In particular, expo.Downscale never performs allocations (except panicking path), so it can not be a DoS attack vector on memory.

very true, thanks for the hint ;)

github-actions · 2025-01-04T05:21:14Z

This PR was marked stale due to lack of activity. It will be closed in 14 days.

euroelessar · 2025-01-04T05:28:51Z

@sh0rez hi, would you be able to have an another look at the comment above?

sh0rez

sorry for the slow review!

sh0rez · 2025-01-14T12:54:43Z

processor/deltatocumulativeprocessor/internal/data/add.go

+// getDeltaScale computes how many times the histograms need to be downscaled to ensure
+// the bucket range after their merge fits within maxBuckets.
+// This logic assumes that trailing and leading zeros are going to be removed.
+func getDeltaScale(arel, brel pmetric.ExponentialHistogramDataPointBuckets) expo.Scale {


This is great, but I think it better fits the public api of the expo package, maybe like this?

package expo // Limit returns a target Scale that when be downscaled to, // the total bucket count after [Merge] never exceeds max func Limit(max int, scale Scale, arel, brel Buckets) Scale { ... }

sh0rez · 2025-01-14T12:55:16Z

processor/deltatocumulativeprocessor/internal/data/add.go

+	// Downscale if an expected number of buckets after the merge is too large.
+	if deltaScale := max(getDeltaScale(dp.Positive(), in.Positive()), getDeltaScale(dp.Negative(), in.Negative())); deltaScale > 0 {


very true, thanks for the hint ;)

sh0rez · 2025-01-14T13:05:22Z

processor/deltatocumulativeprocessor/internal/data/expo_test.go

+		dp:   expdp{Scale: 0, PosNeg: generateBins(10, 80, 1), Count: 160},
+		in:   expdp{Scale: 0, PosNeg: generateBins(80+10, 60, 2), Count: 120},
+		want: expdp{Scale: 0, PosNeg: generateBins(10, 80, 1, 60, 2), Count: 280},


why do you need generateBins and downscaled?
From looking at this test case, it's hard to reason about it. I cannot clearly see what either the input or the output looks like and as such not tell whether it's correct.
Is there a way to stick to written-out bins{} literals?

made maxBuckets configurable in code (var instead of const), updated the test to set it to max 8 buckets and moved to rawbs method
should be easier to read now, please let me know if it needs any further changes!

…tor-contrib into cap-exp-histograms-2

sh0rez · 2025-01-15T09:20:32Z

@open-telemetry/collector-contrib-approvers this is ready to merge

mx-psi

LGTM and the chosen size aligns with the SDK default 👍

tiit-clarifai · 2025-01-22T11:31:23Z

processor/deltatocumulativeprocessor/internal/data/add.go

+	to := max(
+		expo.Limit(maxBuckets, from, dp.Positive(), in.Positive()),
+		expo.Limit(maxBuckets, from, dp.Negative(), in.Negative()),
+	)


@euroelessar @mx-psi Shouldn't this be min instead of max? What I am seeing is that if I have no negative data points, then no scaling happens and the number of positive buckets still explodes.

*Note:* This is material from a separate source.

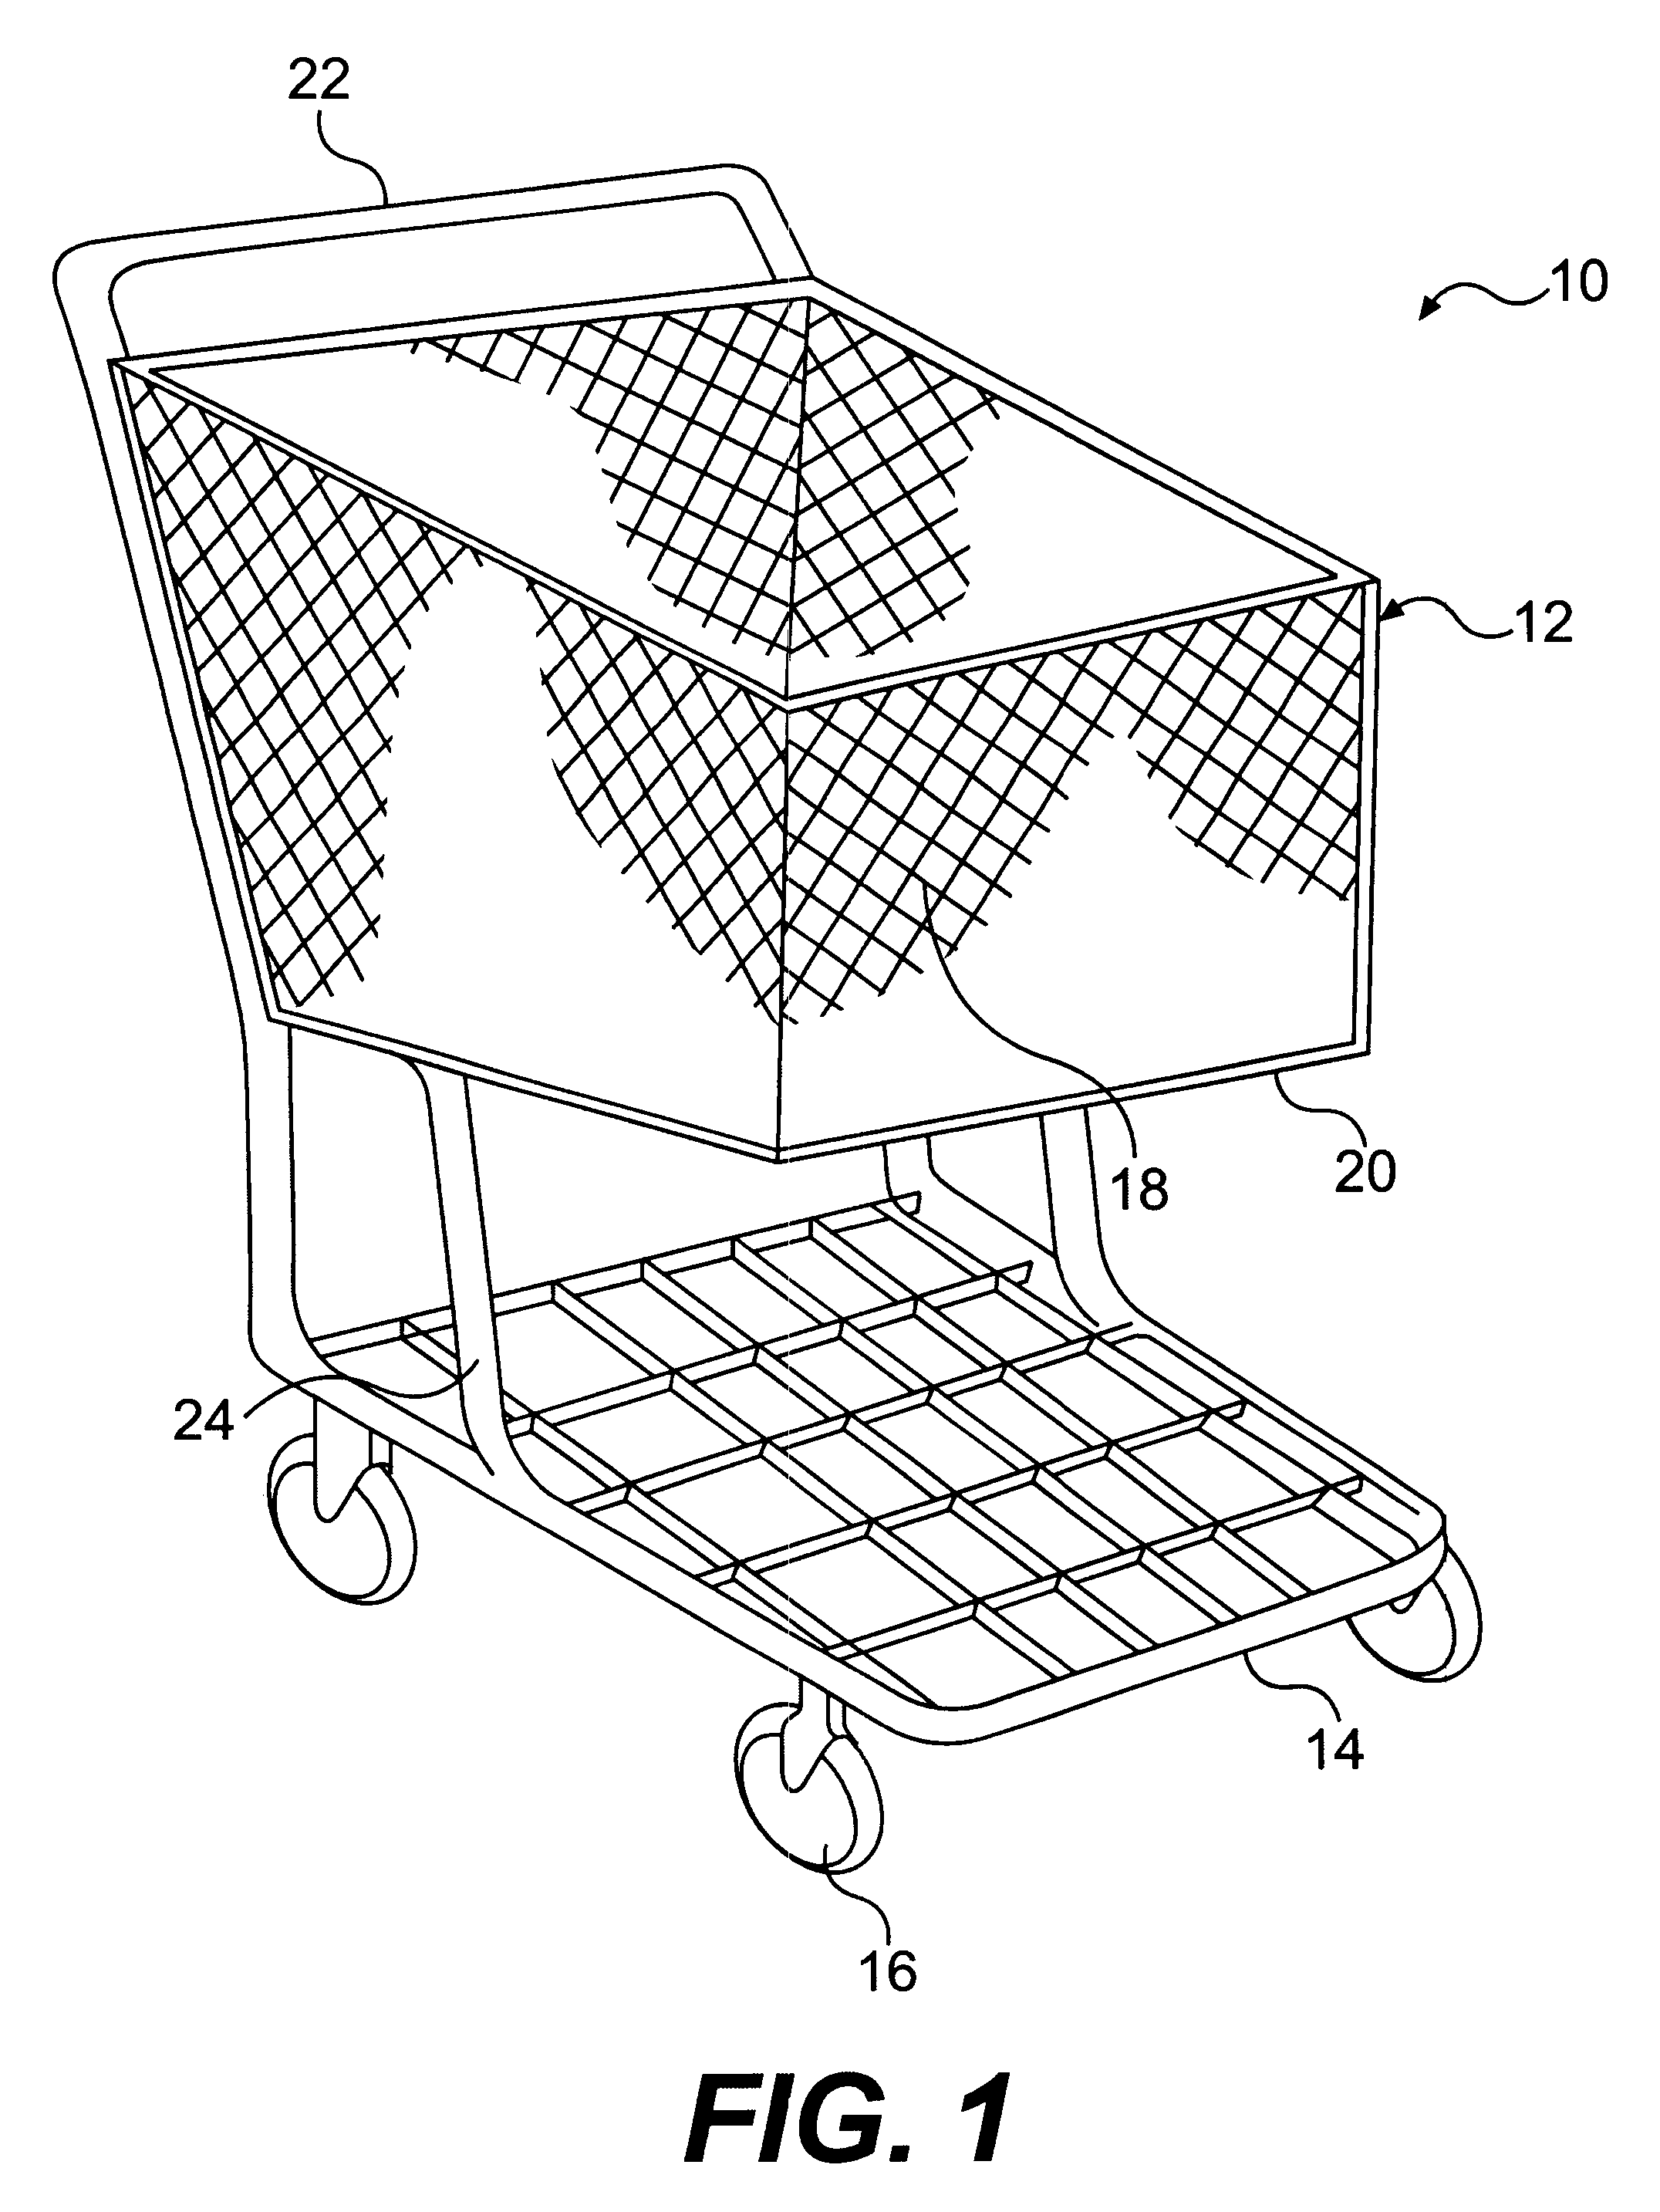 Method of molding a cart using molding processes

I think the tests missed this because they all use PosNeg, i.e., use the same positive and negative data points.

@tiit-clarifai can you file an issue for this? It definitely looks suspicious

Done, #37416.

My bad, #37432 fixes it. Thanks for letting me know about it! I've also added tests to catch it in the future.

…am buckets (open-telemetry#36874) #### Description This PR introduces a limit on the maximum number of exponential histogram buckets within the deltatocumulativeprocessor. Previously, when merging delta metrics into cumulative metrics, the resulting exponential histograms could grow very large, potentially causing excessive memory usage and processing overhead. By capping the number of buckets at 160 and dynamically downscaling histograms when necessary, this change ensures that the processor remains efficient and stable even when handling large, merged exponential histograms. #### Link to tracking issue Fixes open-telemetry#33277  #### Testing Added unit tests for edge cases. #### Documentation Updated changelog.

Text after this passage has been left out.